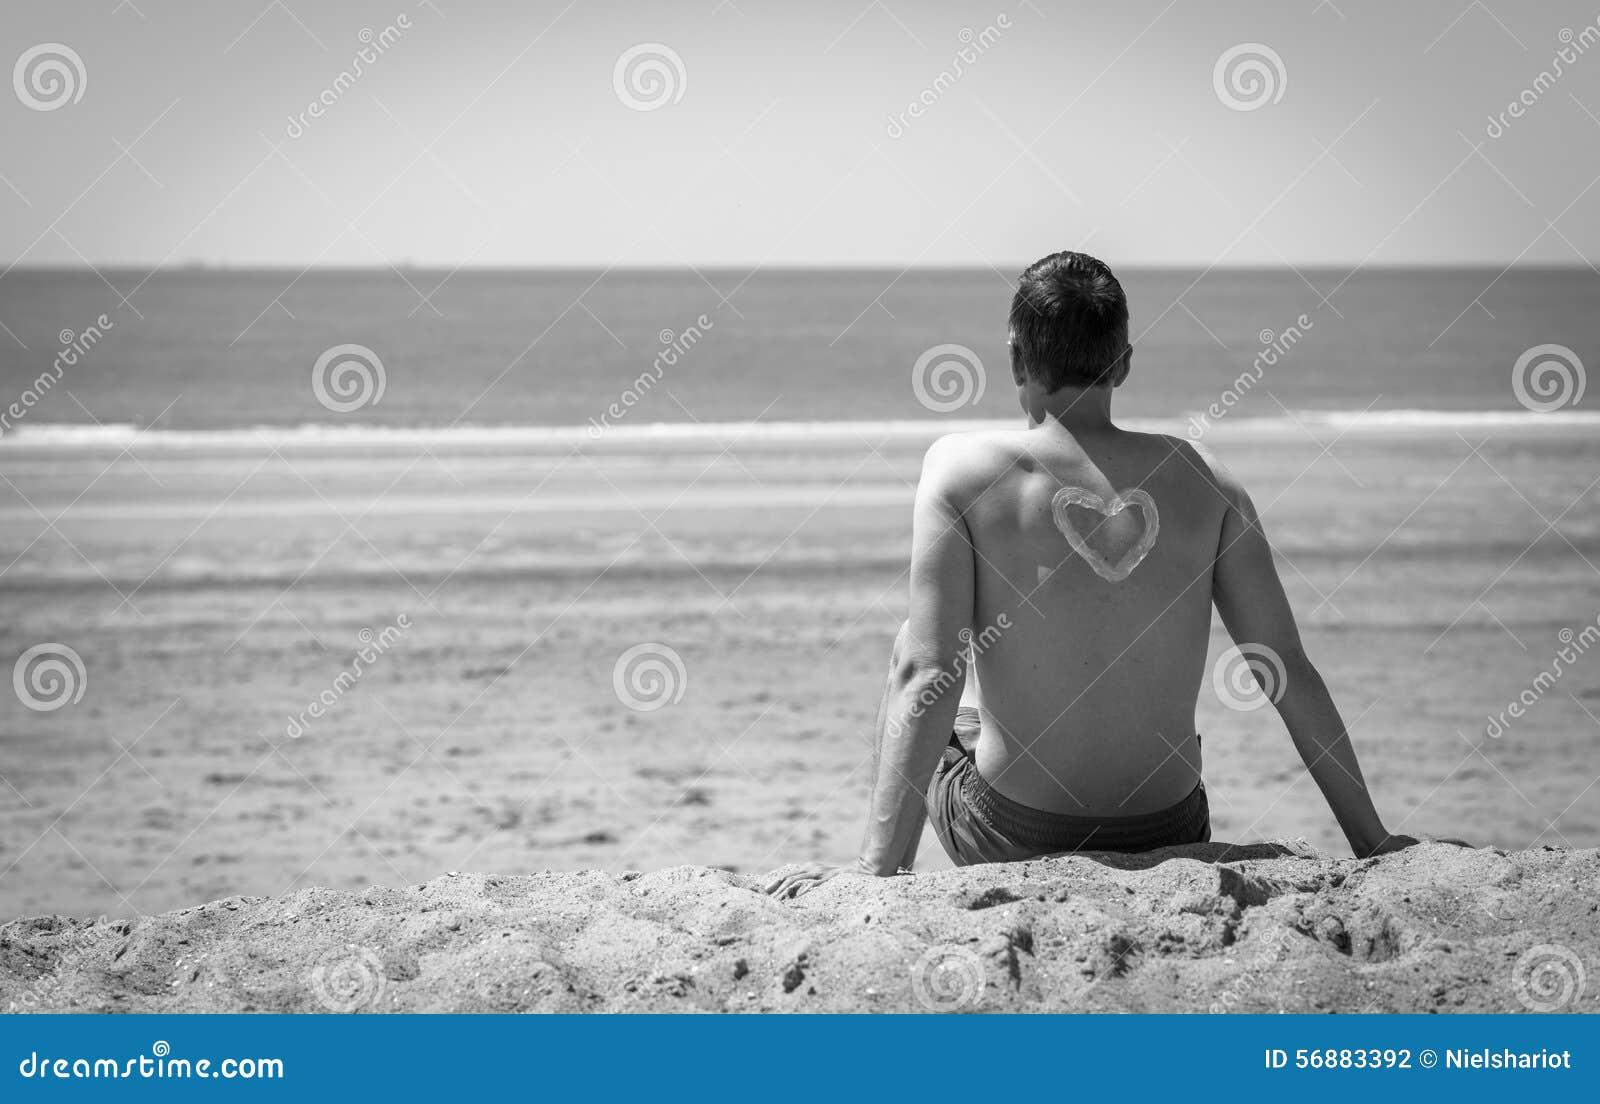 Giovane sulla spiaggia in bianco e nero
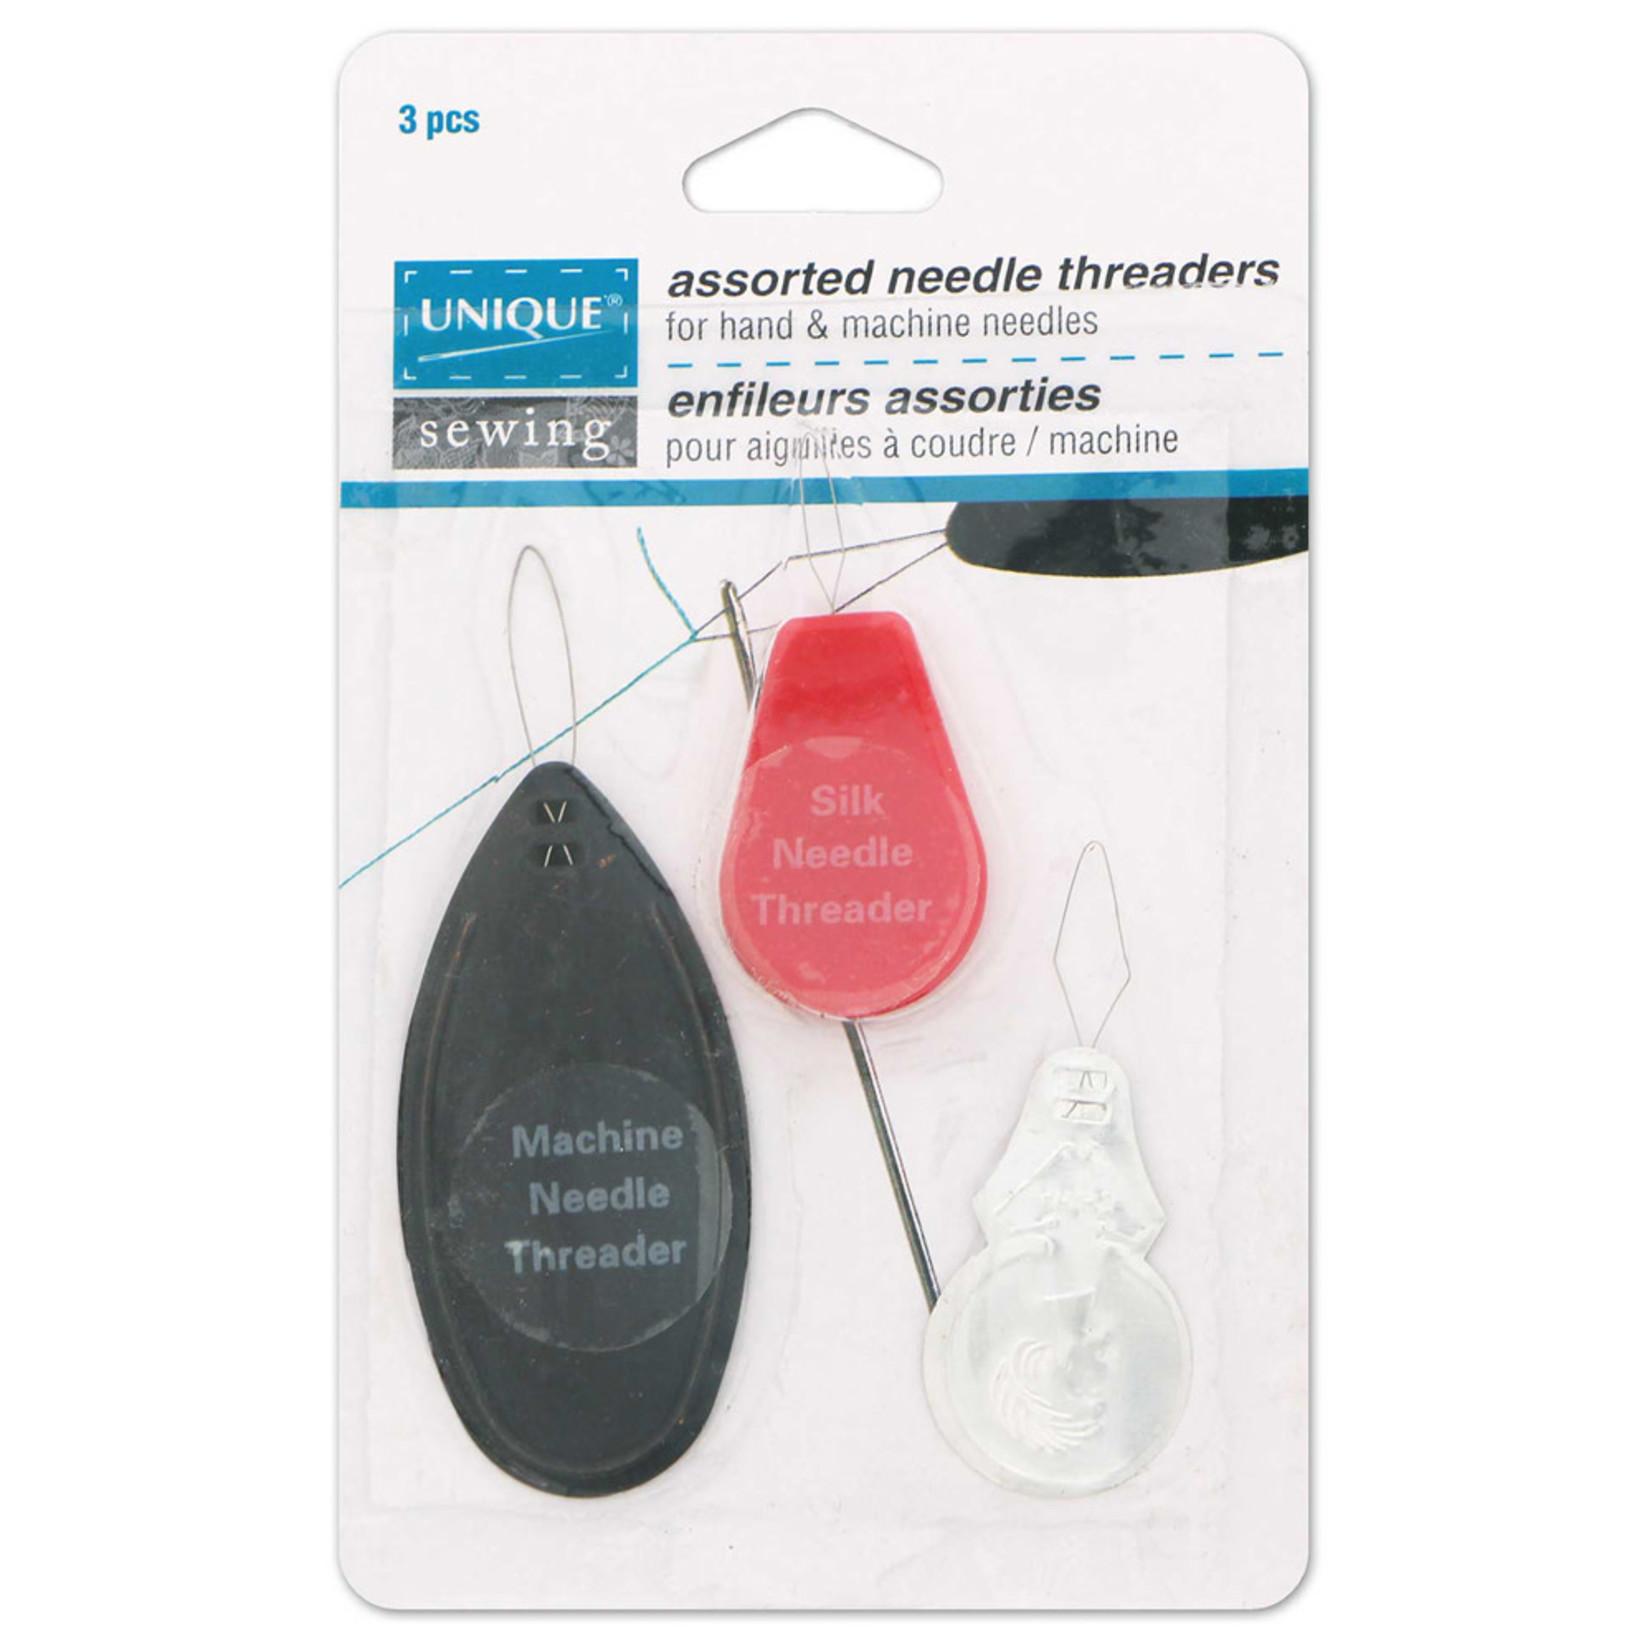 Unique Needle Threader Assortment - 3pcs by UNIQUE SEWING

---

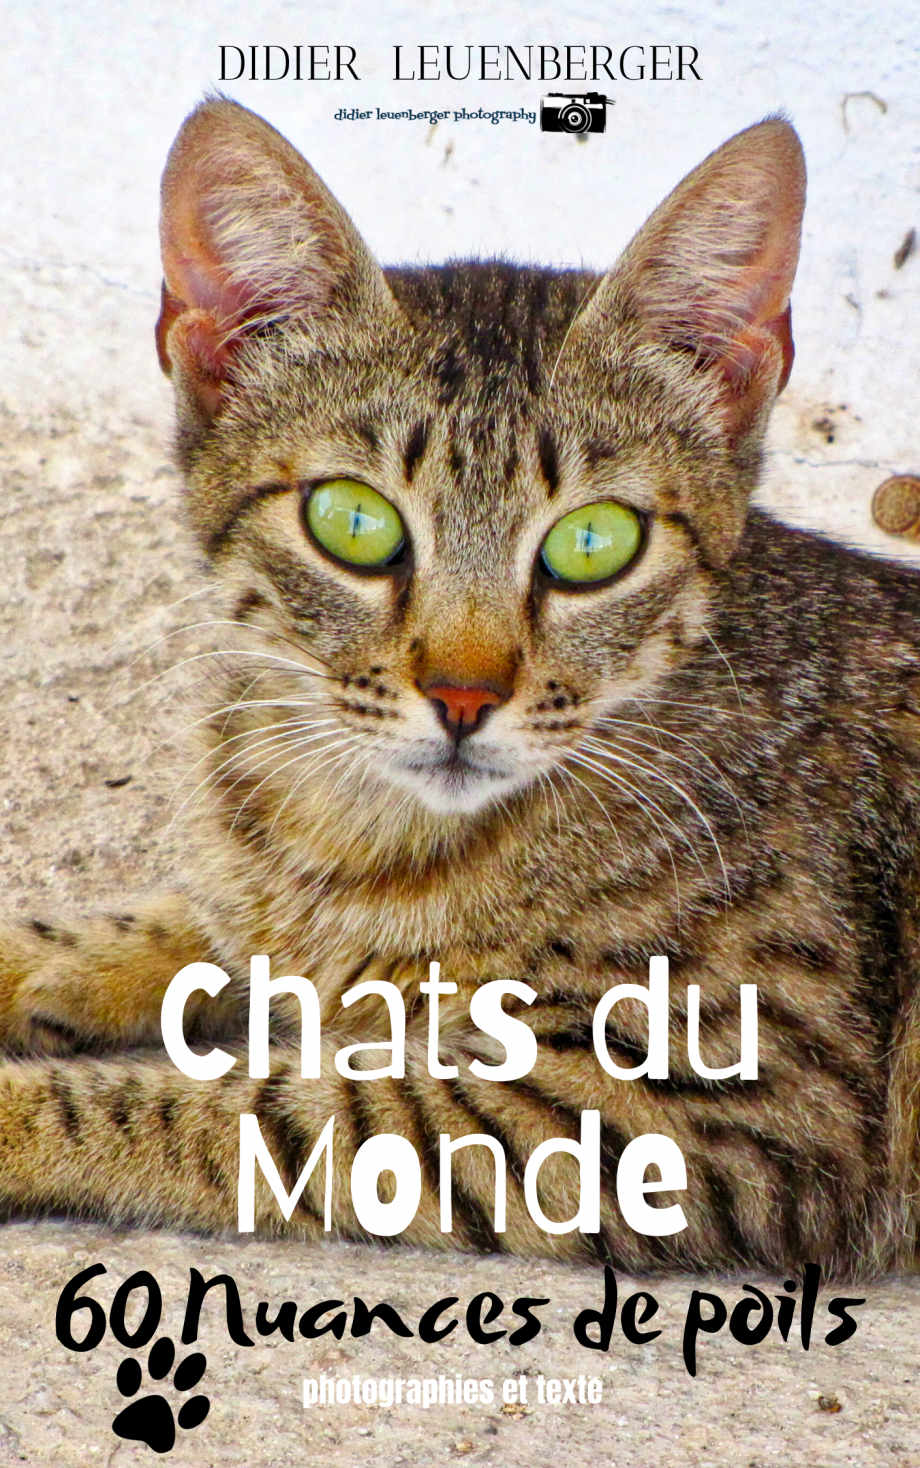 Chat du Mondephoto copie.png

* * *

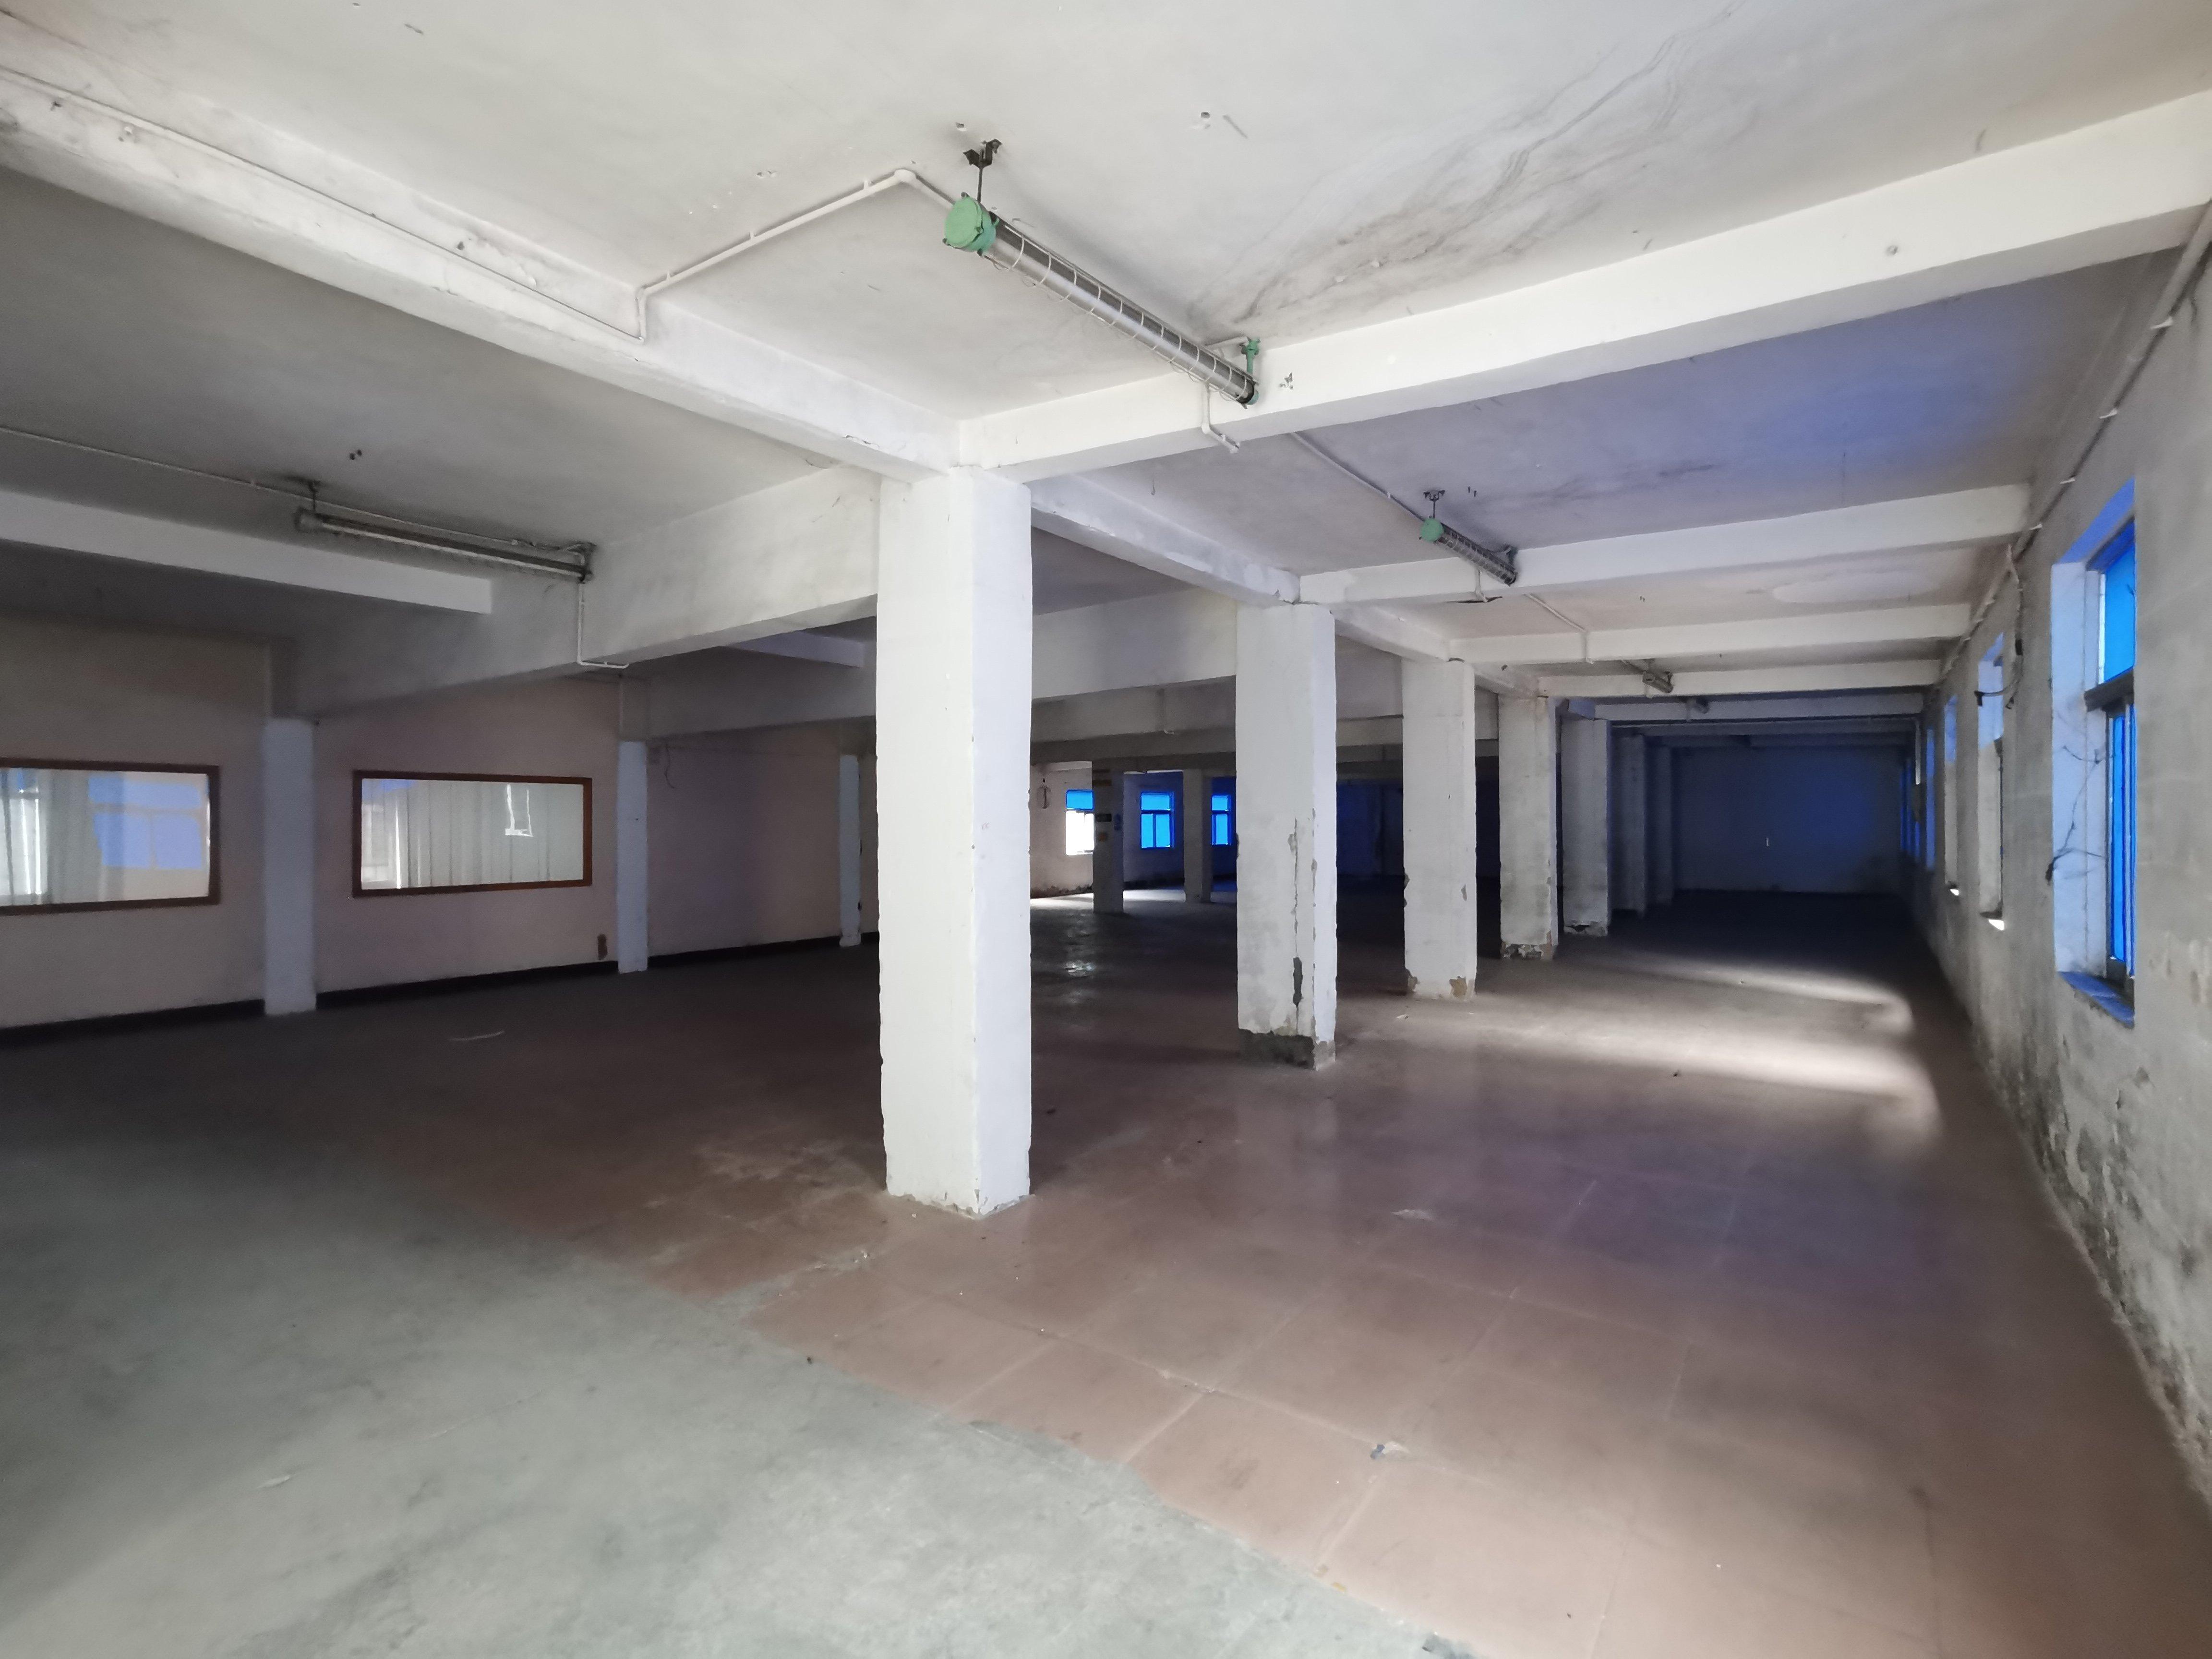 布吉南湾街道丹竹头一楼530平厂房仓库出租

- [Work request]:
Look back at the data above, then output exactly the lines from the line holding "Giovane sulla spiaggia in bianco e nero" up to and including the line holding "Unique Needle Threader". Leave out the pictures.

- [Task output]:
 Giovane sulla spiaggia in bianco e nero
 Unique Needle Threader Assortment - 3pcs by UNIQUE SEWING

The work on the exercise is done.